I’m still polyamorous. NP is still polyamorous.
When people blame polyamory for relationships not working out, they are almost always implying that jealousy was the reason. Polyamory caused jealousy, jealousy couldn’t be overcome, so therefore polyamory is what killed the relationship.
I mentioned that this was out of the blue for me. My relationship with NP had been status quo for years. Things were normal. In April, all of a sudden he had decided that our marriage had to end. It was four weeks of an emotional roller coaster where Friday-Sunday he’d be at meta’s, Sunday he’d come home and say we needed to break up, we’d talk, he’d cycle back and apologize and Monday we were back in an ok-ish place. Tuesday through Friday would be like walking on eggshells, he’d go to meta’s, come home Sunday, cite a different reason why divorce was necessary, and the whole thing would start again. This went on for 4 weeks until I was so exhausted that I stopped fighting to stay together. I got home from work on a Monday, his stuff was gone, and I texted asking if I should file for divorce. He said “yes”. It was a whirlwind of a month.

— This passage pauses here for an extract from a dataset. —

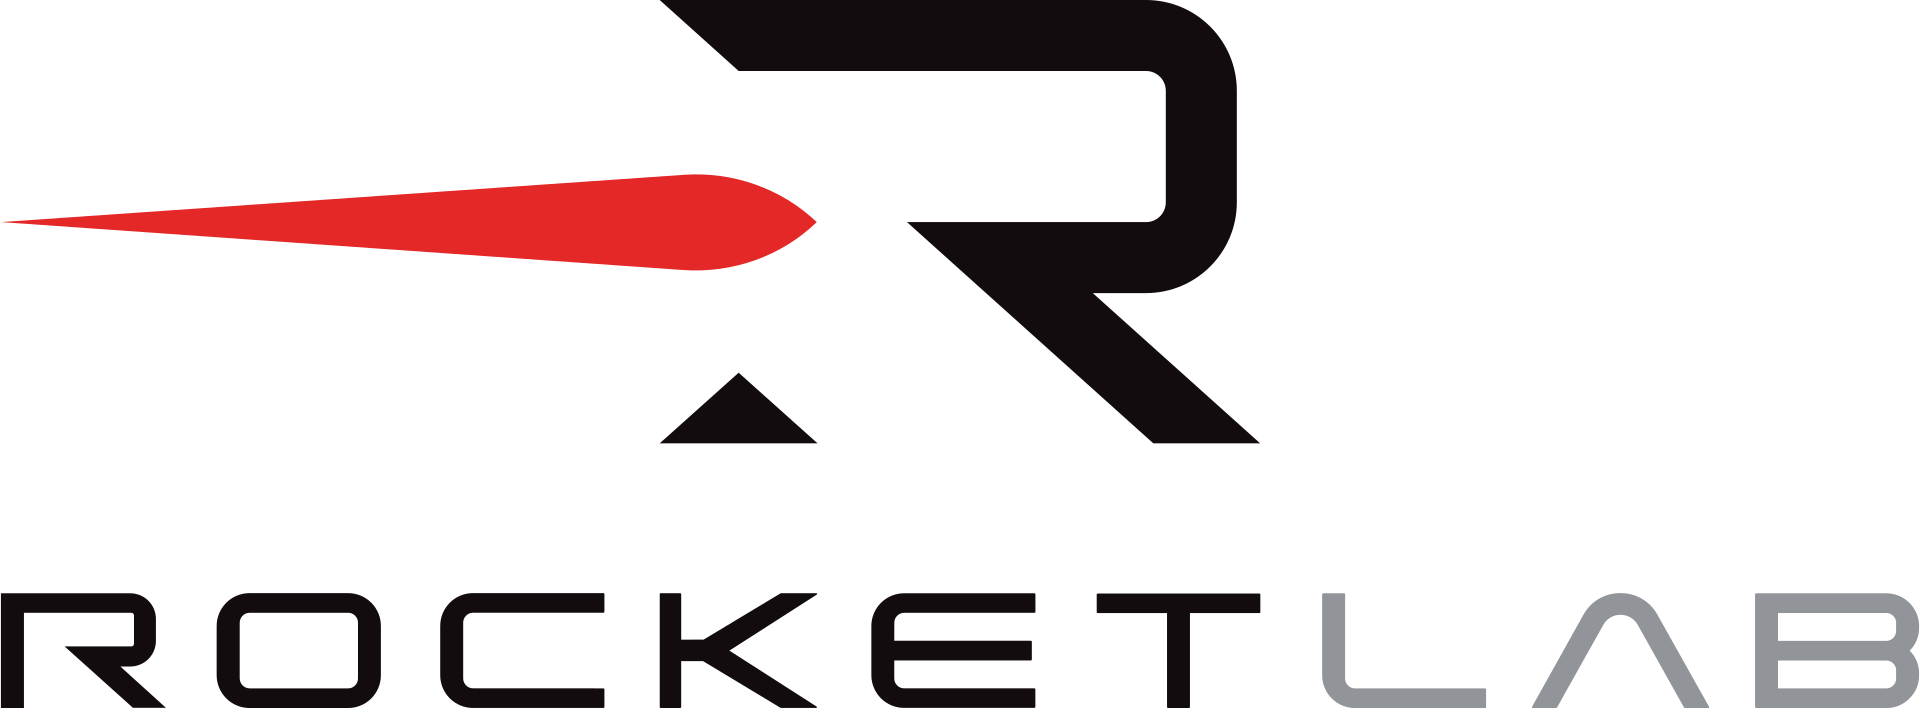 The logo of Rocket Lab since February 2022. ©Rocket Lab
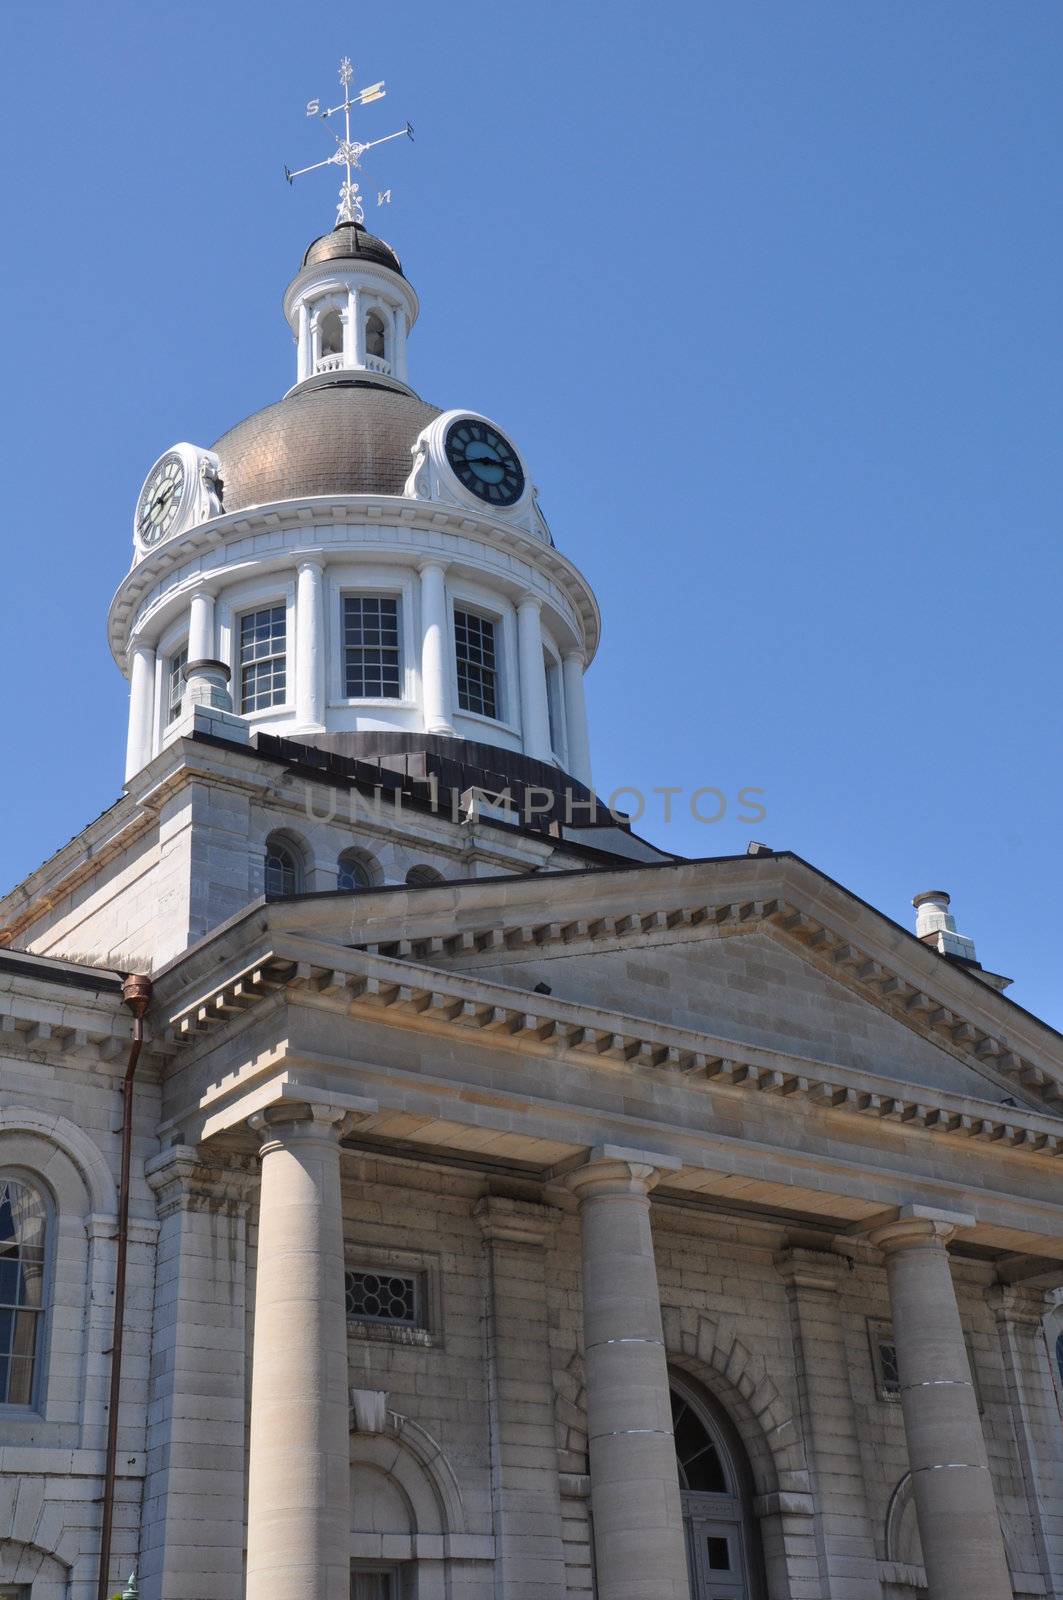 Kingston City Hall in Canada by sainaniritu

I’ll never forget the 4 reasons NP gave for why our relationship needed to end over the 4 weeks we were on the emotional roller coaster from hell. 1) He wanted to move to cross country with meta and assumed I wouldn’t want to go with. 2) He blamed me because he isn’t Tiger Woods. 3) He thought that I had been body-swapped by the fae on our vacation to Ireland last year. 4) When he asked the universe for a sign, he found a feather in our backyard…our heavily wooded backyard….during molting season.
So, according to NP, it wasn’t polyamory that killed our relationship (yes, I know how wild some of these sound, thank you for understanding that I’m not ready to elaborate on this presently.)
It wasn’t polyamory that killed our relationship, but after reflection, I do believe that it indirectly played a role.
Polyamory and having multiple partners has directly contributed to my personal growth. Ethical non monogamy is hard work. You’re constantly having to work on yourself, on navigating jealousy, on better communication, on scheduling time not just with multiple partners but time for yourself. Above all, since becoming polyamorous, I have really grown by learning to set healthy boundaries. Not only have I set boundaries in new relationships with new partners, but I also began setting boundaries in my relationship with NP. Ultimately, I believe that this is what started to push NP away. When you’ve been able to get away with things in a relationship for a decade, and suddenly your partner starts putting up boundaries, perhaps it’s easier to walk away citing other excuses than deal with the fact that you’d grown accustomed to some unhealthy relationship behaviors.
Without experiencing ENM and polyamory, maybe I never would have experienced the self growth that enabled me to start setting healthy boundaries for myself. I think of my life today vs my life before I was polyamorous and I am nowhere near the same person I was. I am so proud of the person and partner that I am today.
So.
Going back to the fear and shame I experienced on whether or not I felt qualified to continue writing as a polyamorous blogger:
- Yes – I’m still polyamorous. I’m currently navigating what it looks like to be solo-poly, while also taking a break from adding new partners as I grieve the loss of my relationship with NP.
- Yes – I do still believe that I’m qualified to write this blog and give advice and insight on what it’s like living as a polyamorous millennial.
- Yes – while I intend to pick back up writing on a more regular basis, I don’t know what the future holds for my emotional state. I’m still healing. It’s only been 77 days and the process is far from over.
If you know me IRL, then all I ask for is patience. The answer to the question of how I’m doing is “not great”, and at this time, I really don’t know how you can help.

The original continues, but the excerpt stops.